At last, however, the miller grew calmer and was even showing a disposition to discuss matters, when all at once an urchin of Janville came running across the yard.
“What do you want, eh?” called the master of the premises.
“Please, Monsieur Lepailleur, it’s a telegram.”
“All right, give it here.”
The lad, well pleased with the copper he received as a gratuity, had already gone off, and still the miller, instead of opening the telegram, stood examining the address on it with the distrustful air of a man who does not often receive such communications. However, he at last had to tear it open. It contained but three words: “Your son dead”; and in that brutal brevity, that prompt, hasty bludgeon-blow, one could detect the mother’s cold rage and eager craving to crush without delay the man, the father yonder, whom she accused of having caused her son’s death, even as she had accused him of being responsible for her daughter’s flight. He felt this full well, and staggered beneath the shock, stunned by the words that appeared on that strip of blue paper, reading them again and again till he ended by understanding them. Then his hands began to tremble and he burst into oaths.
“Thunder and blazes! What again is this? Here’s the boy dying now! Everything’s going to the devil!”
But his heart dilated and tears appeared in his eyes.
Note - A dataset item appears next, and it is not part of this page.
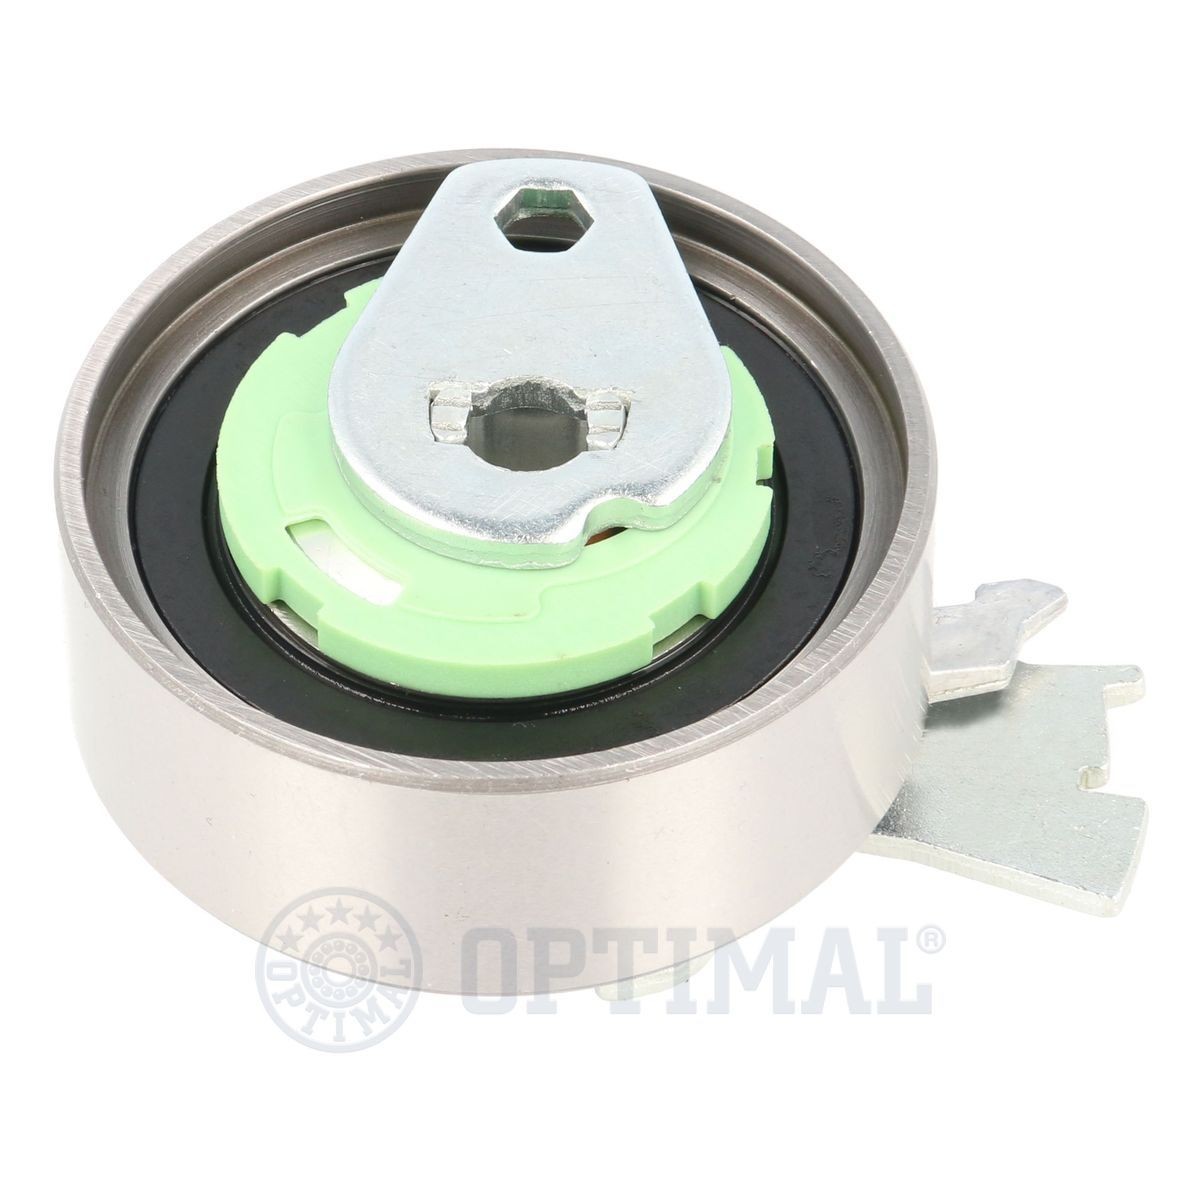 OPTIMAL 0-N102 Timing belt tensioner pulley

Unable to remain standing, he sank upon a chair and again obstinately read the telegram; “Your son dead — Your son dead,” as if seeking something else, the particulars, indeed, which the message did not contain. Perhaps the boy had died before his mother’s arrival. Or perhaps she had arrived just before he died. Such were his stammered comments. And he repeated a score of times that she had taken the train at ten minutes past eleven and must have reached Batignolles about half-past twelve. As she had handed in the telegram at twenty minutes past one it seemed more likely that she had found the lad already dead.
“Curse it! curse it!” he shouted; “a cursed telegram, it tells you nothing, and it murders you! She might, at all events, have sent somebody. I shall have to go there. Ah the whole thing’s complete, it’s more than a man can bear!”
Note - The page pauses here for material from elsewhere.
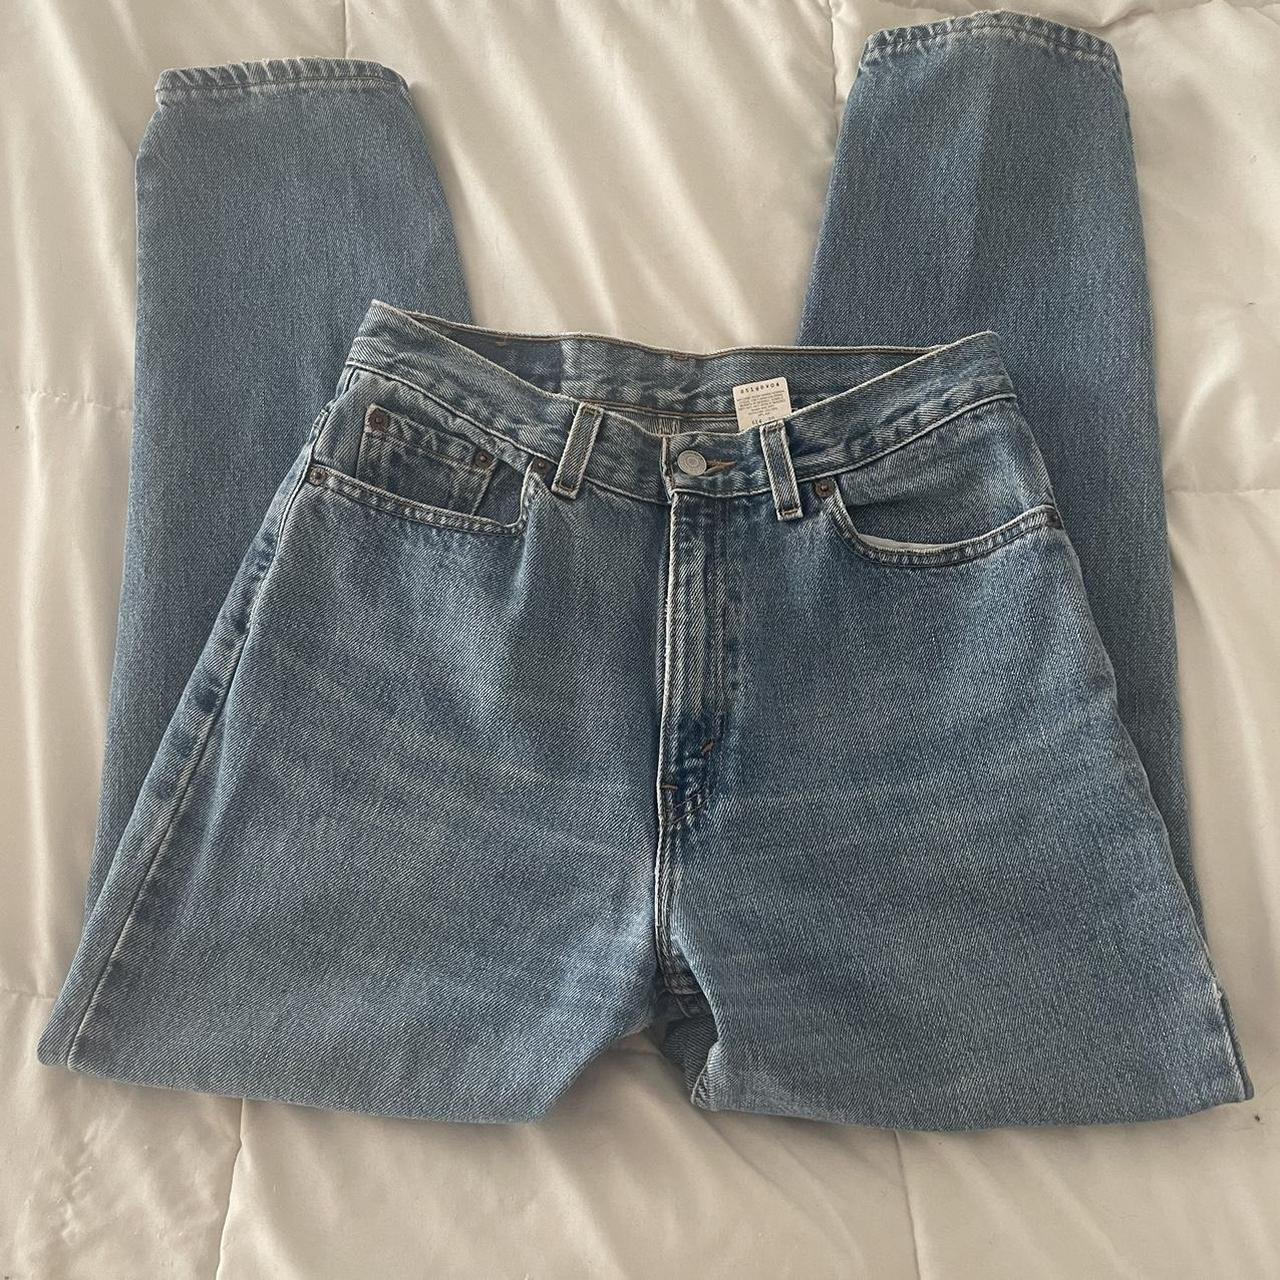 Vintage Levi’s 512 100% cotton denim jeans // medium... - Depop

Lepailleur shouted those words in such accents of rageful despair that Mathieu, full of compassion, made bold to intervene. The sudden shock of the tragedy had staggered him, and he had hitherto waited in silence. But now he offered his services and spoke of accompanying the other to Paris. He had to retreat, however, for the miller rose to his feet, seized with wild exasperation at perceiving him still there in his house.
“Ah! yes, you came; and what was it you were saying to me? That we ought to marry off those wretched children? Well, you can see that I’m in proper trim for a wedding! My boy’s dead! You’ve chosen your day well. Be off with you, be off with you, I say, if you don’t want me to do something dreadful!”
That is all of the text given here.